Nel tentativo di schivare i colpi, la prima a scendere in campo è stata Civita, in un’assemblea pubblica al MAXXI il 18 luglio scorso, il museo peraltro sei giorni prima si era già fatto promotore di un seminario per studiare le norme che consentono la detrazione delle imposte per chi, imprese e privati, investe in cultura. All’ultimo appuntamento ha preso parte lo stesso ministro per lo Sviluppo Economico, Corrado Passera.
Equiparare la spesa culturale a qualsiasi altra voce di bilancio, senza affrontarla nella sua specificità, preoccupa più dei tagli, poiché in questo modo le sue criticità vengono meno. Sul disegno legislativo che potrebbe sancire, di fatto, la fine dell’esperienza delle fondazioni ha preso posizione anche Albino Ruberti, Segretario Generale dell’Associazione Civita, palesemente scettico sulle conseguenze del provvedimento: «L’alternativa è secca: o la totale gestione dei servizi, come era venti anni fa, oppure la loro cessione a soggetti privati. Ma non credo che esista oggi un tessuto economico capace di sostituirsi alla compartecipazione tra pubblico e privato, come l’azienda speciale Palaexpo di Roma o la rete Musei Civici di Torino».
Federculture non rimane con le mani in mano e dà appuntamento al 24 luglio con un’assemblea al Palazzo delle Esposizioni per presentare i suoi emendamenti cche tendono a cancellare la norma anche per i soggetti impiegati nella valorizzazione del patrimonio culturale, mentre ora è prevista solo per istituzioni che si occupano di sviluppo tecnologico.
Strali anche contro il mantenimento del decreto n. 78/2010 (poi convertito in legge 122), che prevede un tetto del 20% di spesa per le istituzioni in mostre ed eventi culturali: «norma incomprensibile – sottolinea Ruberti – basti pensare all’indotto economico di centri come Torino e Perugia che negli ultimi anni hanno più di tutti investito in cultura».

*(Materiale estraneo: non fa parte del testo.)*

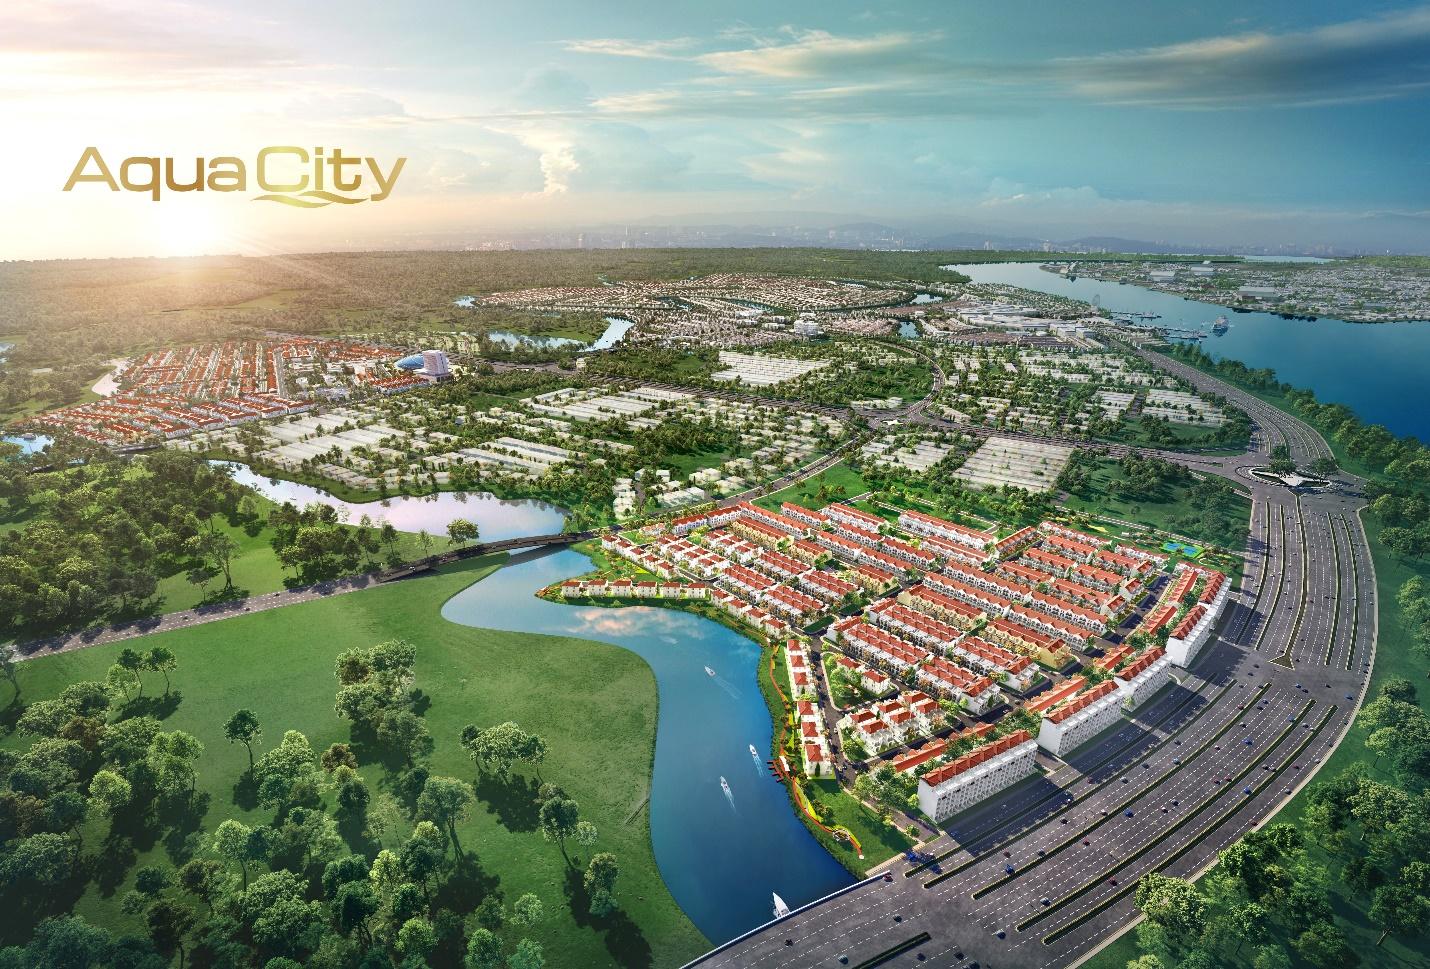 Vì sao giới đầu tư quyết định xuống tiền cho phân khu River Park 1 tại Aqua City?

Nel frattempo Corrado Passera sembra aver compreso l’importanza del settore dei beni culturali come leva di sviluppo: «un mondo sempre più globalizzato, vince chi ha una riconoscibilità forte e da questo punto di vista il patrimonio e l’industria culturale italiana fondano la sua identità», ha detto nell’incontro del MAXXI. Secondo il ministro l’errore degli ultimi anni è stata la divisione tra valorizzazione e tutela, quando invece la via maestra è creare meccanismi dove i due momenti possano interagire. «Si parla di collaborazione tra pubblico e privato si accenna a elementi marginali come la gestione di bookshop e caffetterie. Invece dobbiamo capire meglio quali tipi di contenitori possano creare grandi cose, siano pure fondazioni o società di scopo, ma devono operare attivamente sin dal principio», prosegue il ministro dalle cui parole traspare tuttavia buona parte della più grande politica del governo di cui è rappresentante: la concentrazione di risorse. La filosofia è la stessa che sta portando alla chiusura degli ospedali di periferia: se in Italia esistono centinaia di festival e manifestazioni, occorre contingentare risorse, garantire visibilità a un numero limitato e farne bene esportabile. Contro questa frammentazione si è pronunciato Gianni Letta, Presidente Civita, che parla invece dell’Italia come di un “museo diffuso”, formula abusata quanto poco incisiva, che implica la salvaguardia del pesce piccolo così come del più grande. Senza, alla fine, scegliere veramente.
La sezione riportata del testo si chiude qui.